Phase transfer-assisted indium recovery from spent liquid crystal display panels and its extension in preparing indium-based electrocatalysts for CO2 reduction

Abstract

Transforming discarded electronic devices into low-cost and high-efficiency catalysts presents a win–win approach to address the scarcity of rare resources and sustainable energy challenges. Herein, we report an effective strategy that combines an ethanol-mediated dodecylamine (DDA) phase transfer with hydrothermal methods for facilitating the facile synthesis of indium (In)-based nanomaterials from the leachates of liquid crystal display panels (LCDPs) toward high-efficiency electrochemical CO2 reduction reaction (eCO2RR). In this strategy, the rapid formation of coordinating compounds between the –NH2 group of DDA and metal ions facilitates the separation of In3+ cations from the acidic LCDPs leach solution by transferring them into an organic phase, which are then converted into InOOH nanoparticles with abundant oxygen vacancies (denoted as In-LCDPs and hereafter) through a low-temperature hydrothermal process.

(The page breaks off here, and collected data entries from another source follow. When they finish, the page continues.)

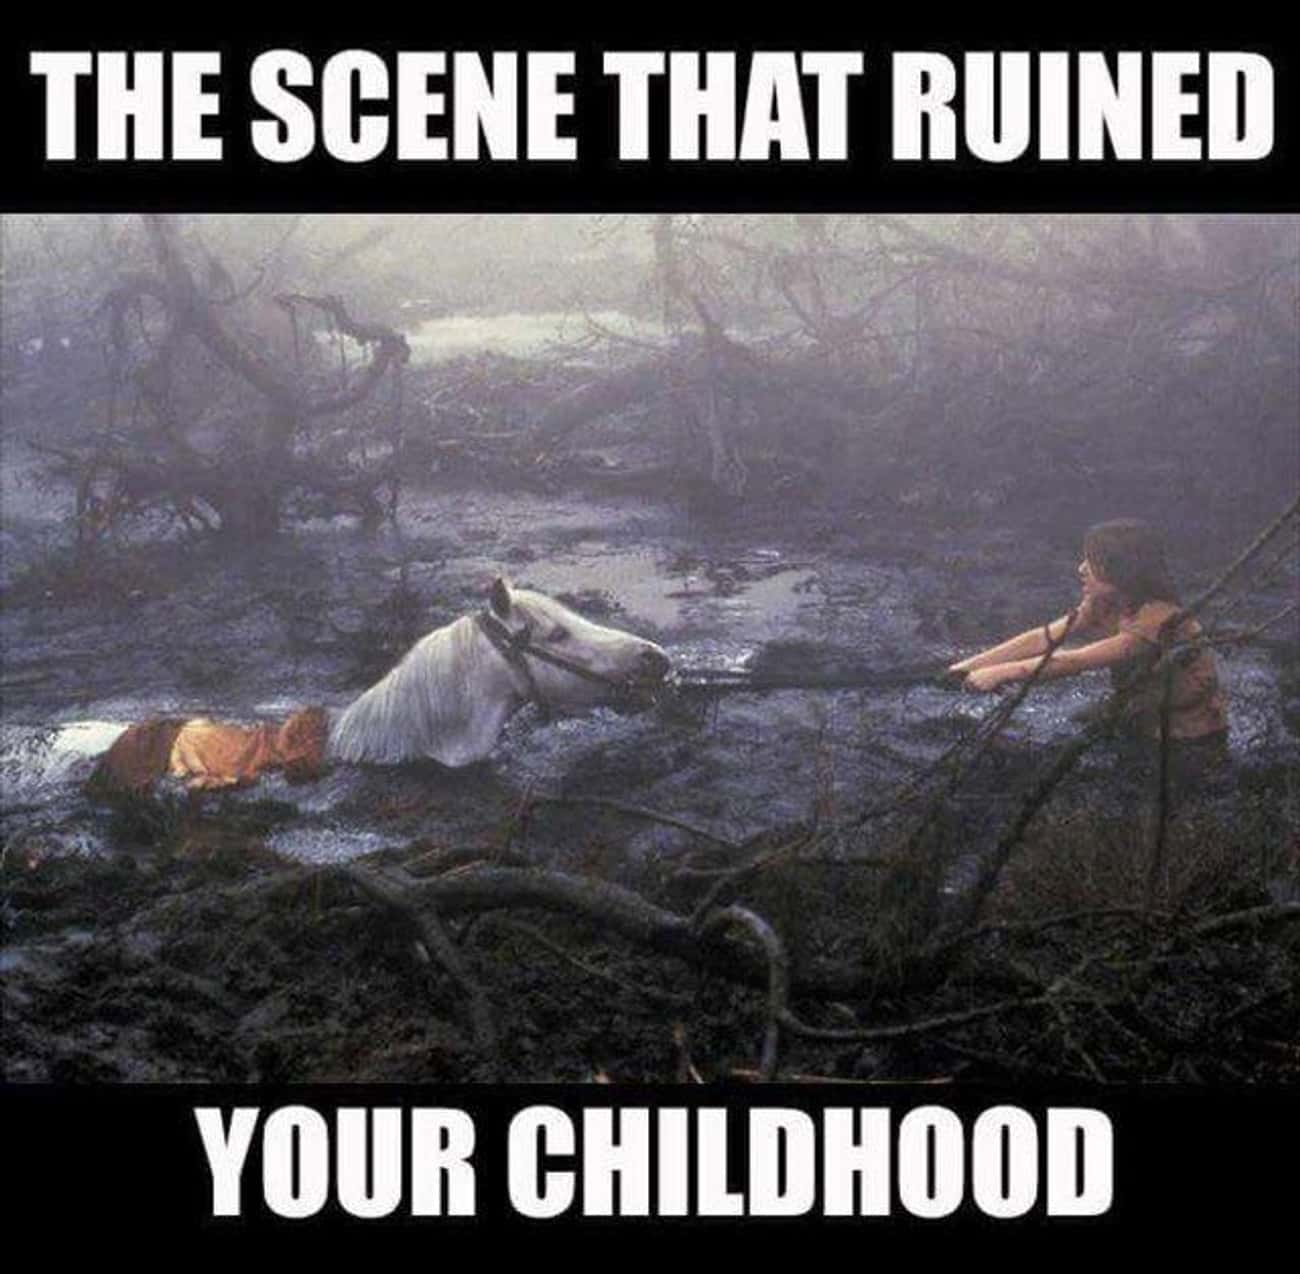 More Than Just The Swamp Scene In 'The NeverEnding Story'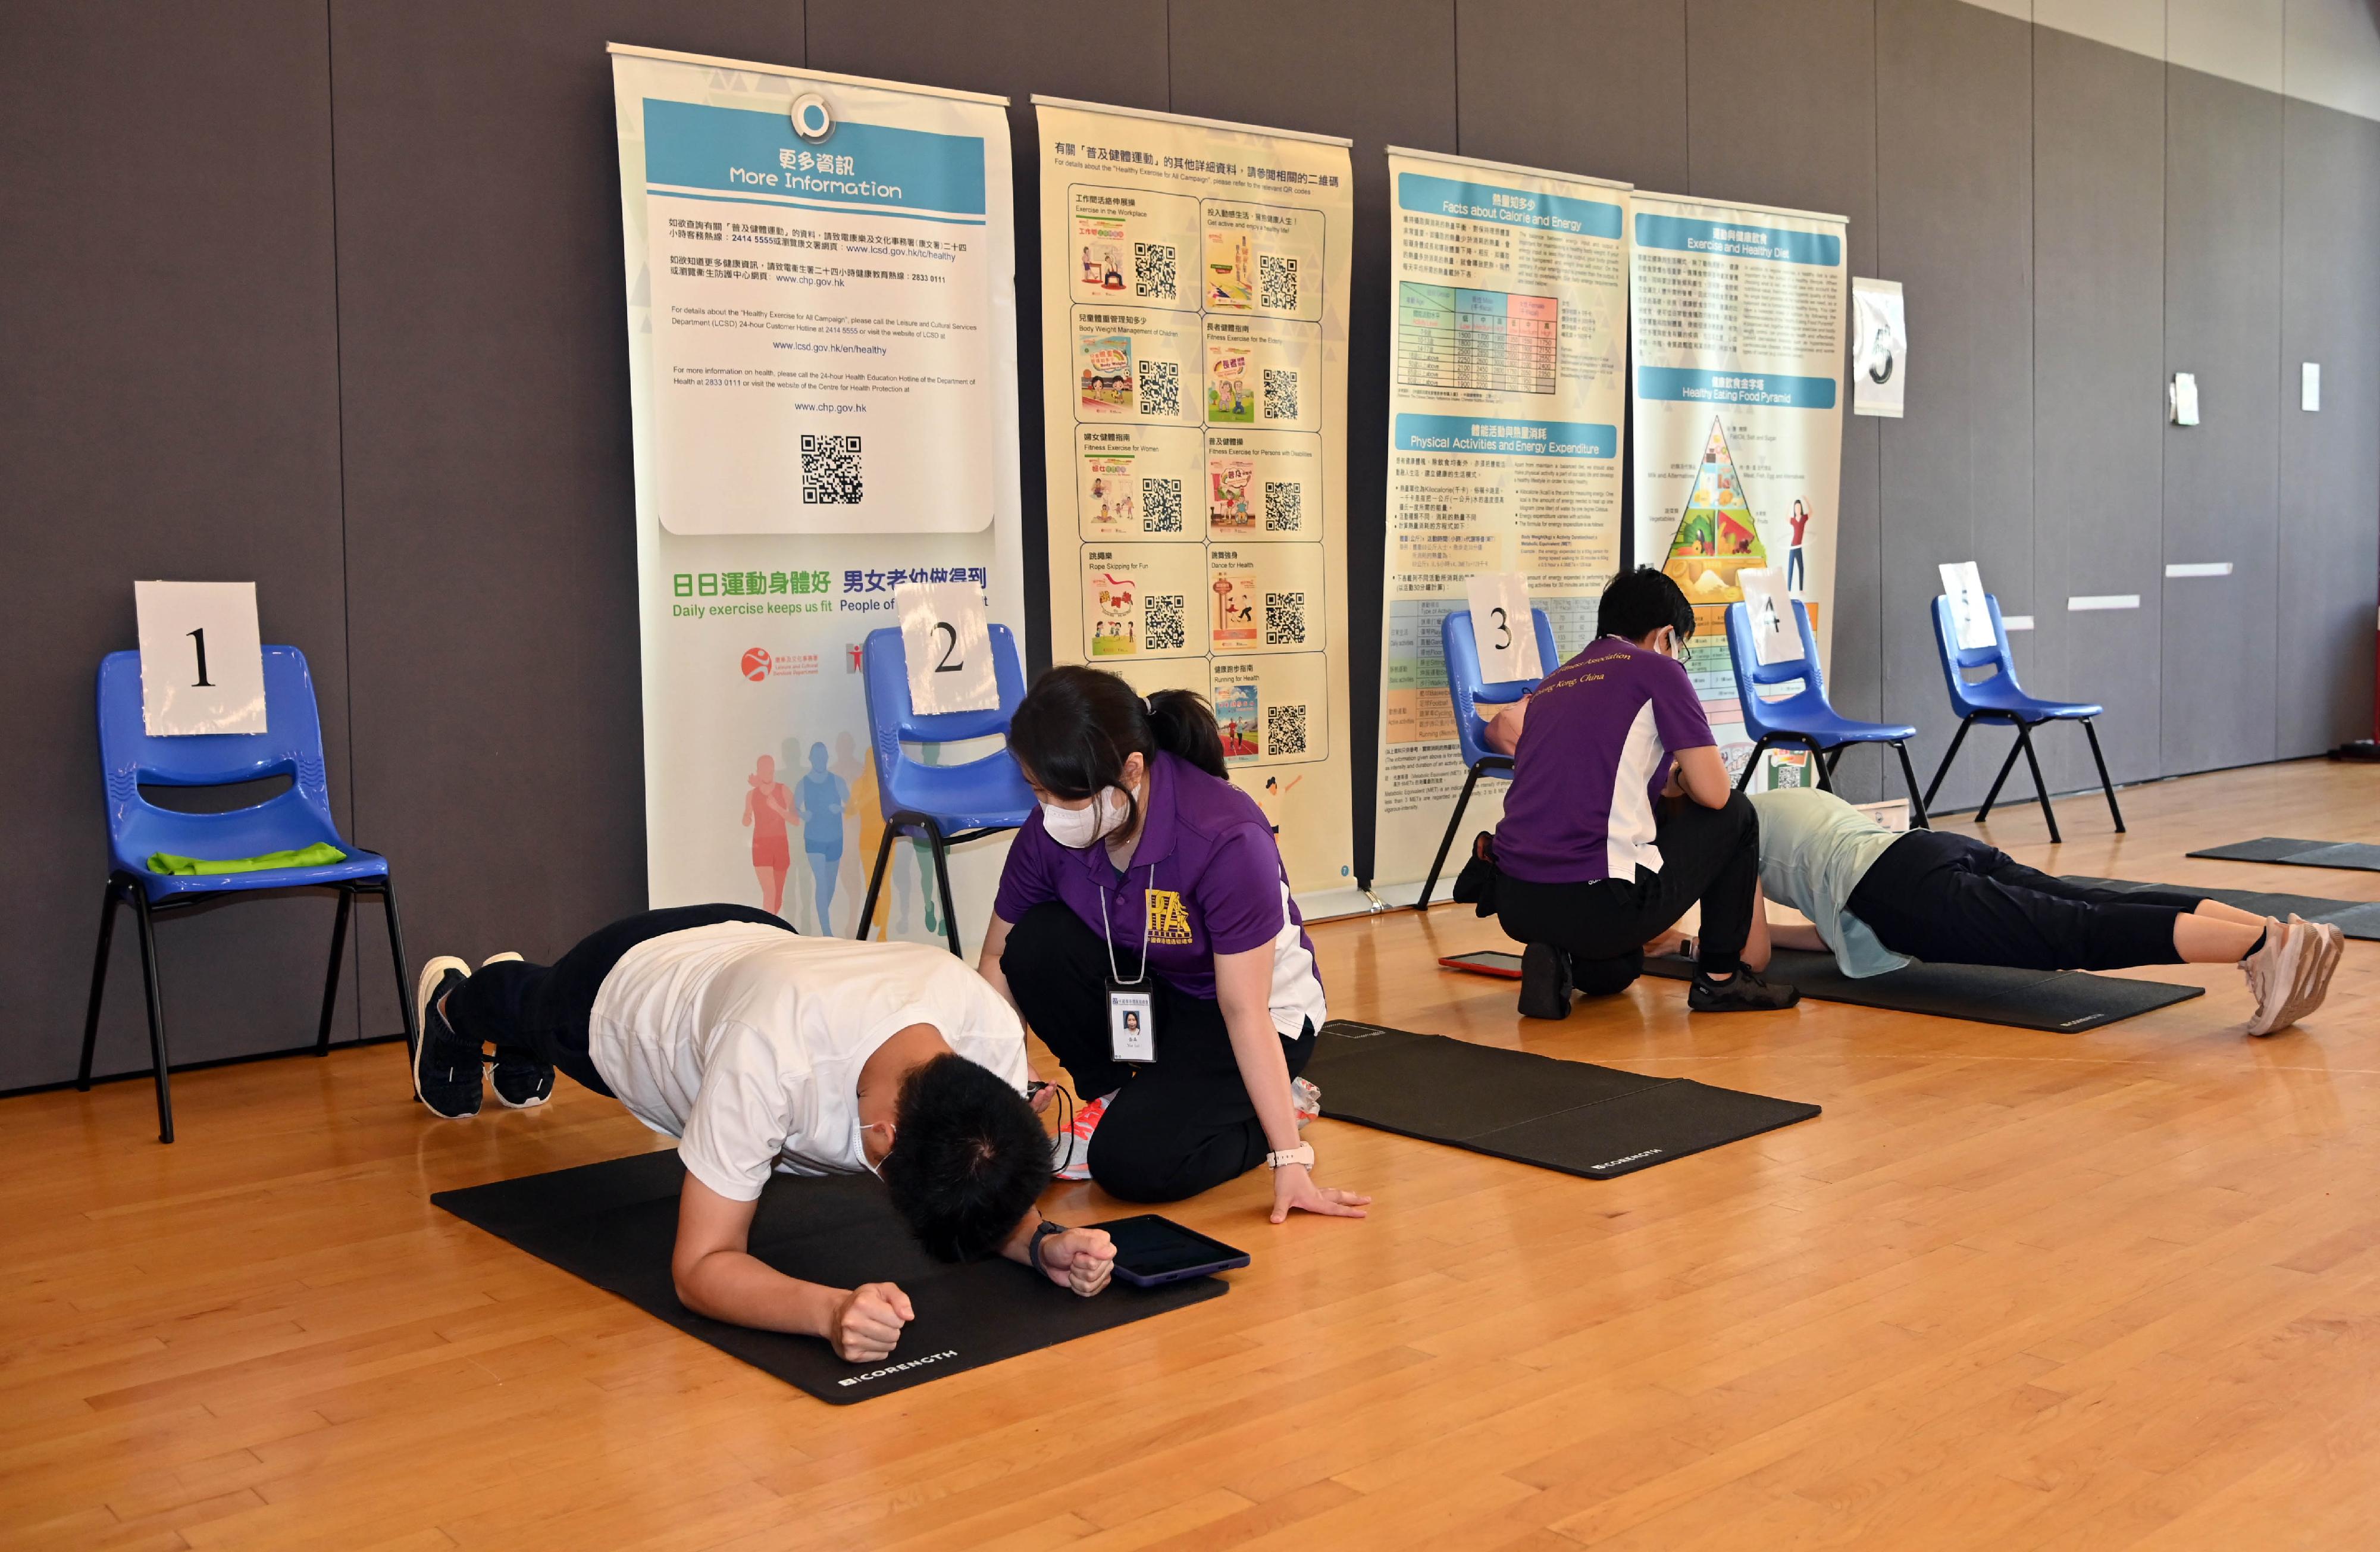 The Leisure and Cultural Services Department will hold a new round of Territory-wide Physical Fitness Survey for the Community test days in September which will be open for enrollment from today (August 31). Members of the public are welcome to join the activities for free. Photo shows participants doing a plank test.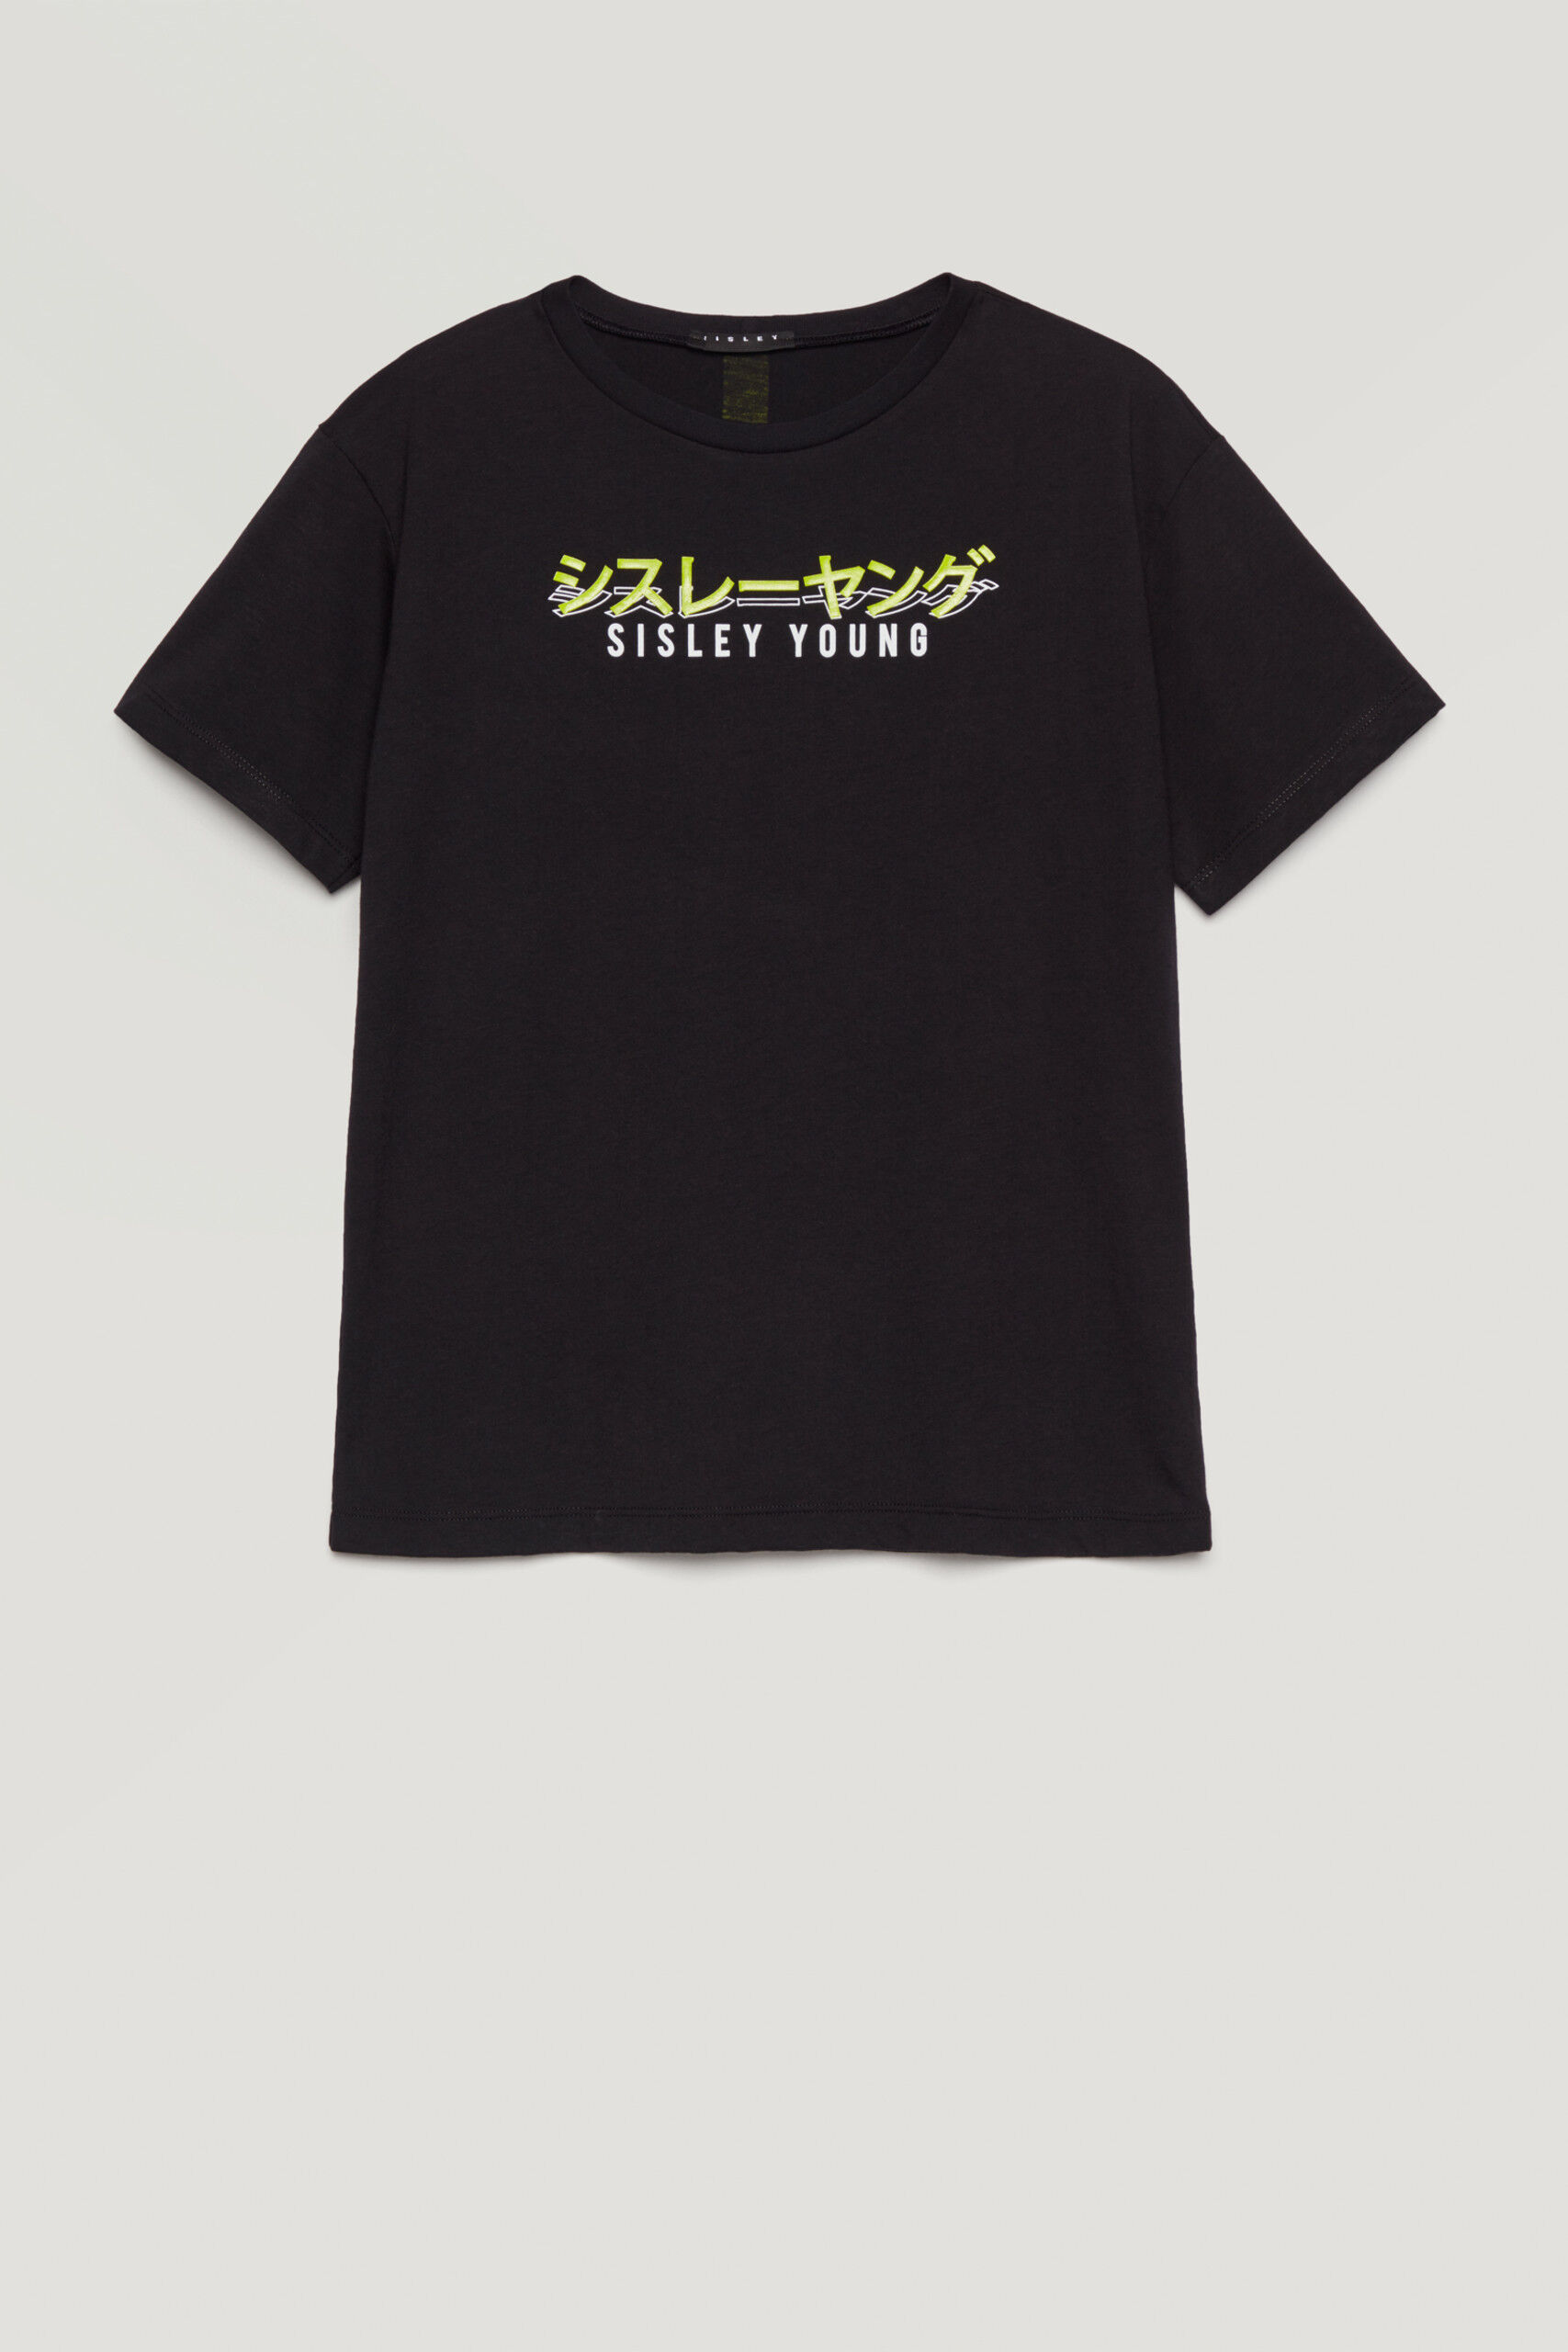 Boys' T-shirts and Tops Collection 2021 | Sisley Young

The eCO2RR evaluations confirm the superior electrocatalytic performance of the In-based nanoparticles produced from the LCDPs. In specific, within a broad potential range (−0.77 to −1.17 V vs RHE), the In-LCDPs show a Faradaic efficiency for formate (FEformate) of 85 %, with the highest FEformate of 90.23 % at −0.97 V vs RHE, which is comparable to the FEformate (93.8 % at −0.97 V vs RHE) of In-based catalyst prepared from pure In precursors using the same method. Further investigations reveal that the Sn and Al impurities have minimal impact on the catalytic performance of In-LCDPs, while the presence of Fe3+ impurities significantly enhance the production of hydrogen during the eCO2RR. This work might have provided a scalable pathway to transform LCDPs into value-added electrocatalysts for eCO2RR.